Помотала головой, отгоняя мысли о том, как счастливая Анфиса, одетая в то самое свадебное платье, которое я не так давно сожгла, стоит рядом с Дэном в городском ЗАГСе и отвечает согласием на вопрос регистратора о желании выйти за Лазарева замуж. Эти почти осязаемые видения вызывали отчетливое желание лезть на стену от бессилия и злости.

Нахождение в изоляции от общества, без возможности узнать о том, что происходит в мире, без телефона и интернета оставило меня наедине с собственными размышлениями. Я крутила мысли в голове то так, то эдак, предавалась счастливым и не очень воспоминаниям, заново переживала и переосмысливала какие-то события. Тоже жила, но будто бы внутри собственной головы, абстрагировавшись от происходящего.

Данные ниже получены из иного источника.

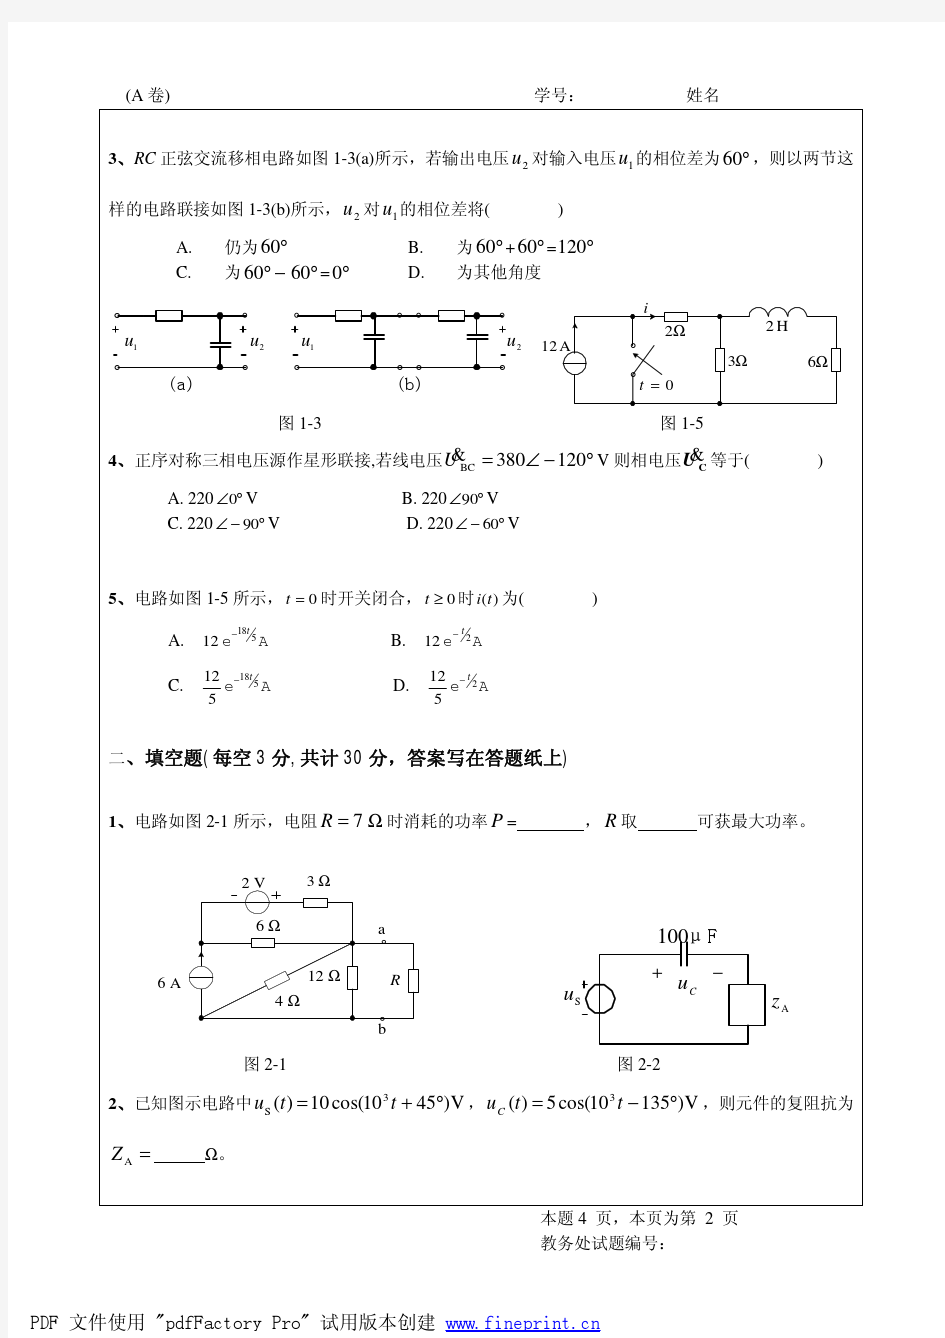 四川大学电路原理期09级期末考试试卷及答案

— Это правда, что твой адвокат — это тот самый Лазарев и ты от него отказалась? — спросила Самохина после ужина, проведенного в тягостном молчании.

К вечеру она устала предаваться унынию и к ней постепенно возвращалась привычная жизнерадостность.

— А ты откуда знаешь? — удивилась я, отодвигая от себя почти полную тарелку с безвкусным ужином.

Видимо, в отличие от меня, не имеющей никакой связи с внешним миром, любопытная Аня умудрялась откуда-то узнавать новости.

— Адвокат мой мне сегодня рассказал. Так правда, или нет?

— Правда, — не видя причин отнекиваться, отозвалась я, доставая из сумки еще пару яблок, для себя и для нее.

— Ты сумасшедшая, да?

Не стала спорить, прекрасно понимая причину подобных умозаключений:

— Наверное.

Помыла яблоко и, усевшись на кровать, прислонилась спиной к холодной стене. Ела его маленькими кусочками, прикрыв веки, растягивая удовольствие, чувствуя, как кисло-сладкий сок щиплет губы и оставляет медовое послевкусие во рту.

Прокопьев был прав в том, что вскоре, попав в СИЗО, я лишусь и этих малюсеньких островков комфорта, напоминающих о нормальной жизни. И что со мной тогда станет? В кого я превращусь в итоге? Убьет это меня или сделает сильнее? И сумею ли я когда-нибудь потом стать прежней?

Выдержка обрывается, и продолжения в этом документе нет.